Task directions >>
Strip out all images, then restate the data verbatim.

Dataset content >>
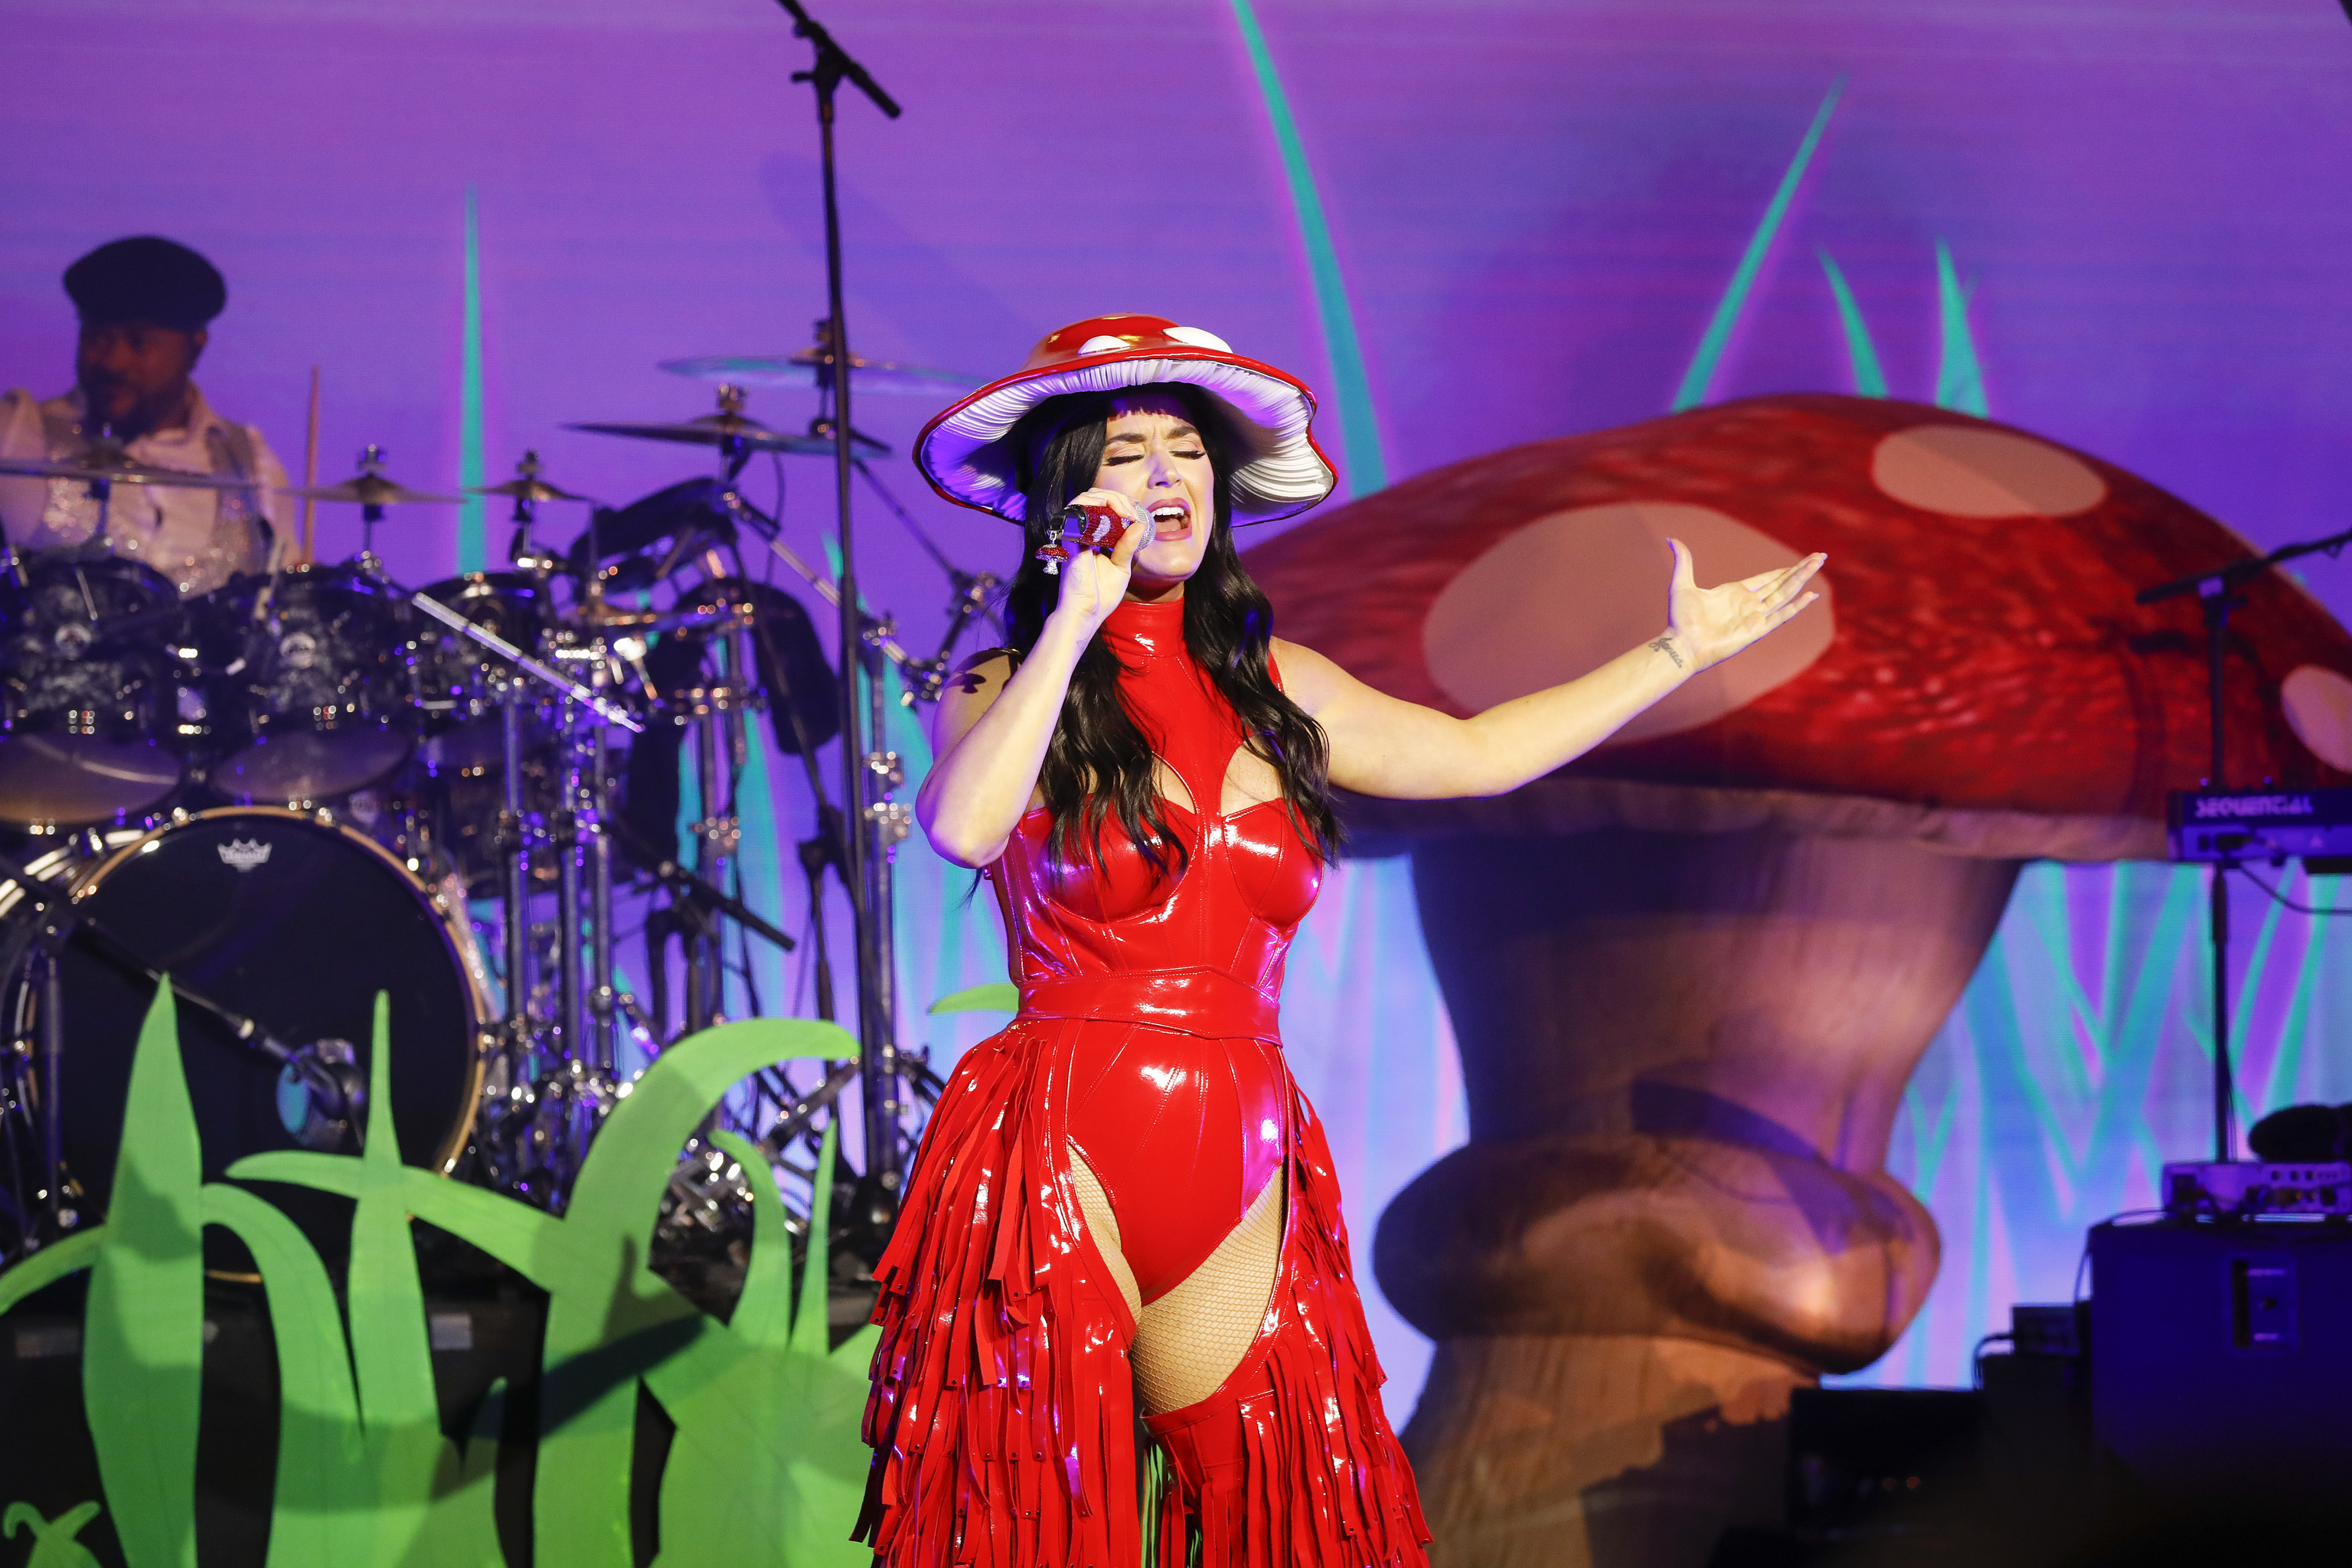 La cantante Katy Perry, durante la actuación en el barco.
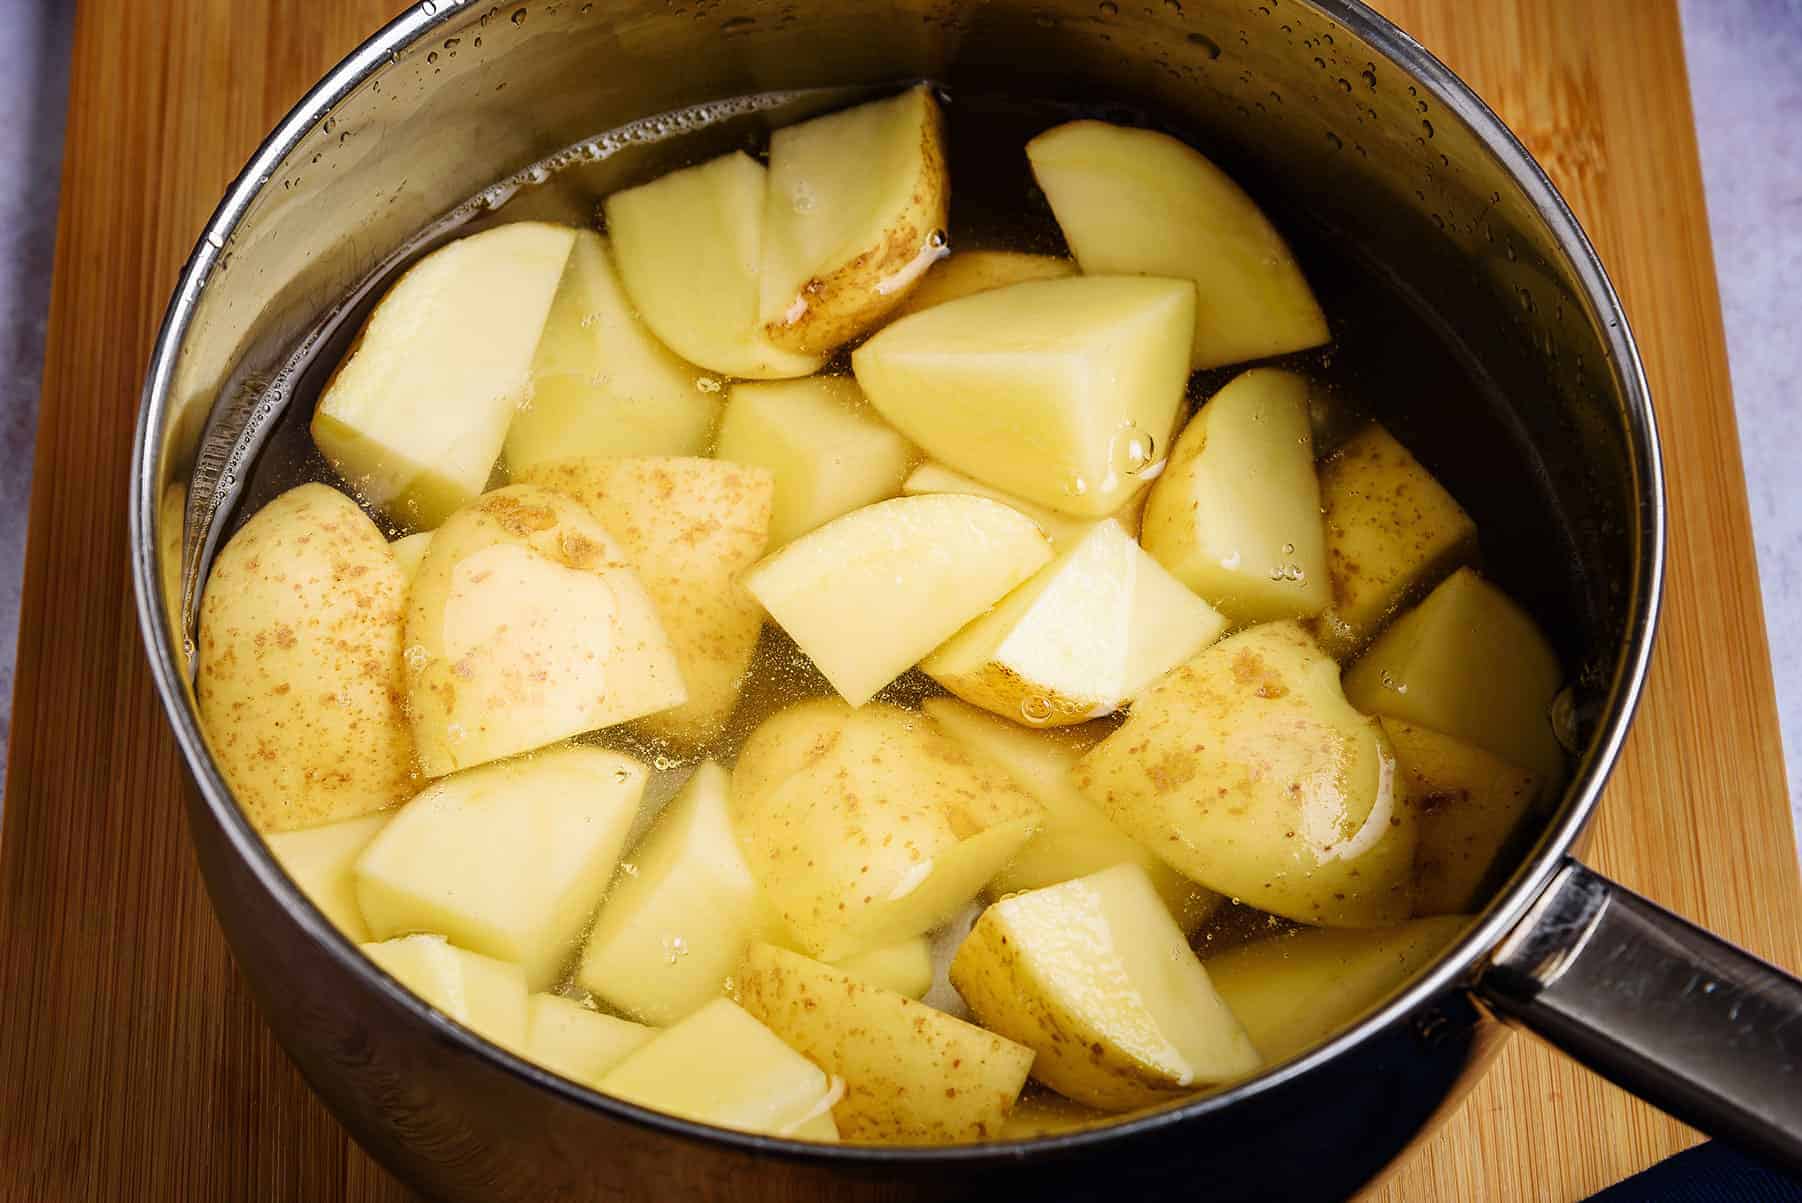 Chopped potatoes in a pan
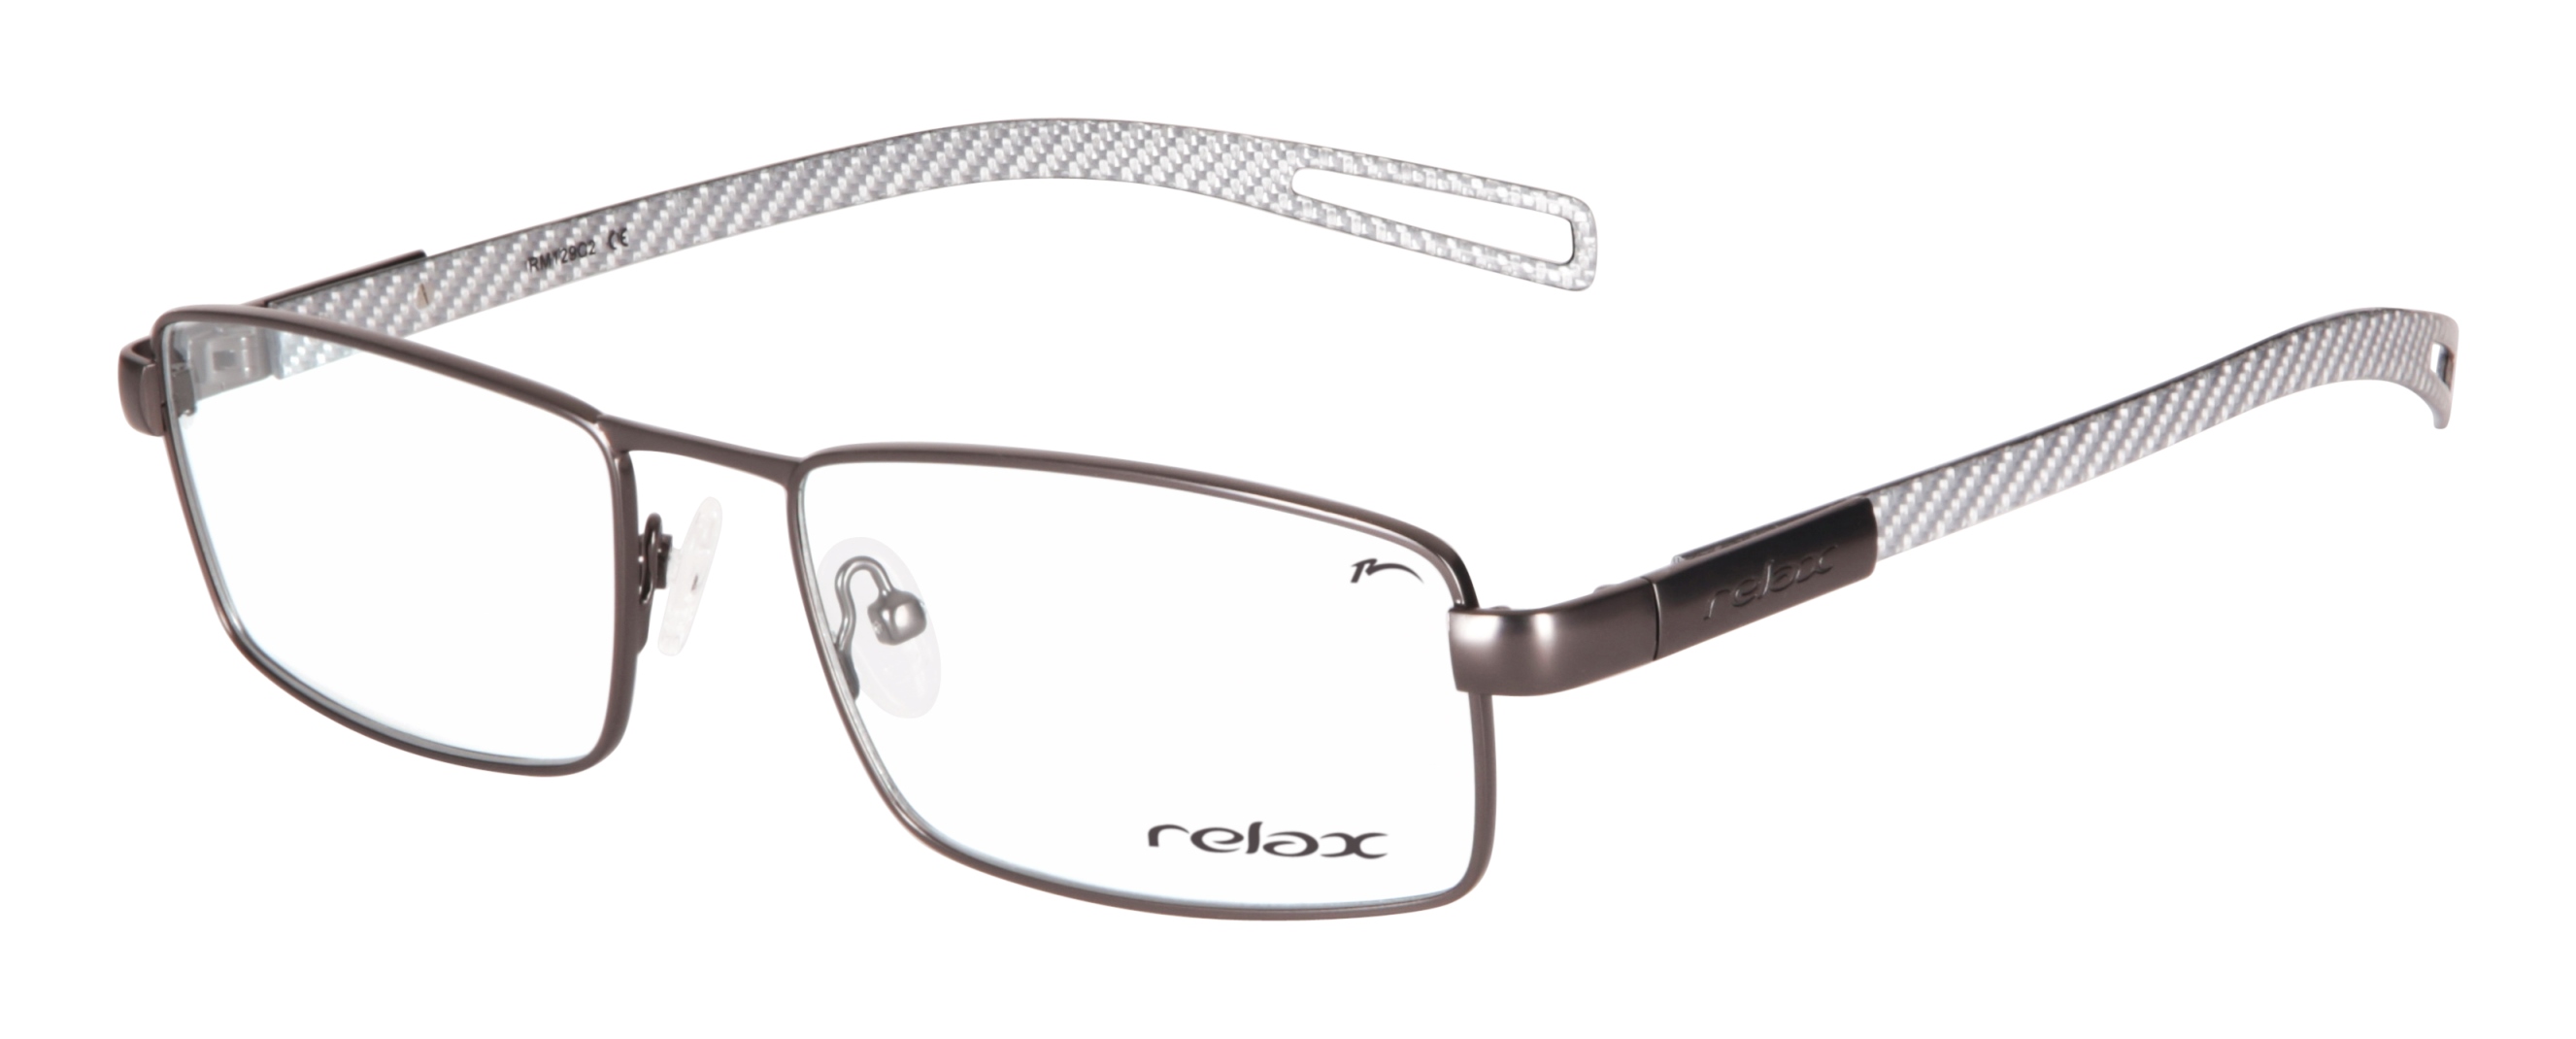 Dioptrické brýle Relax Dust RM129C2 -

Result of the exercise >>
 La cantante Katy Perry, durante la actuación en el barco.
 Chopped potatoes in a pan
 Dioptrické brýle Relax Dust RM129C2 -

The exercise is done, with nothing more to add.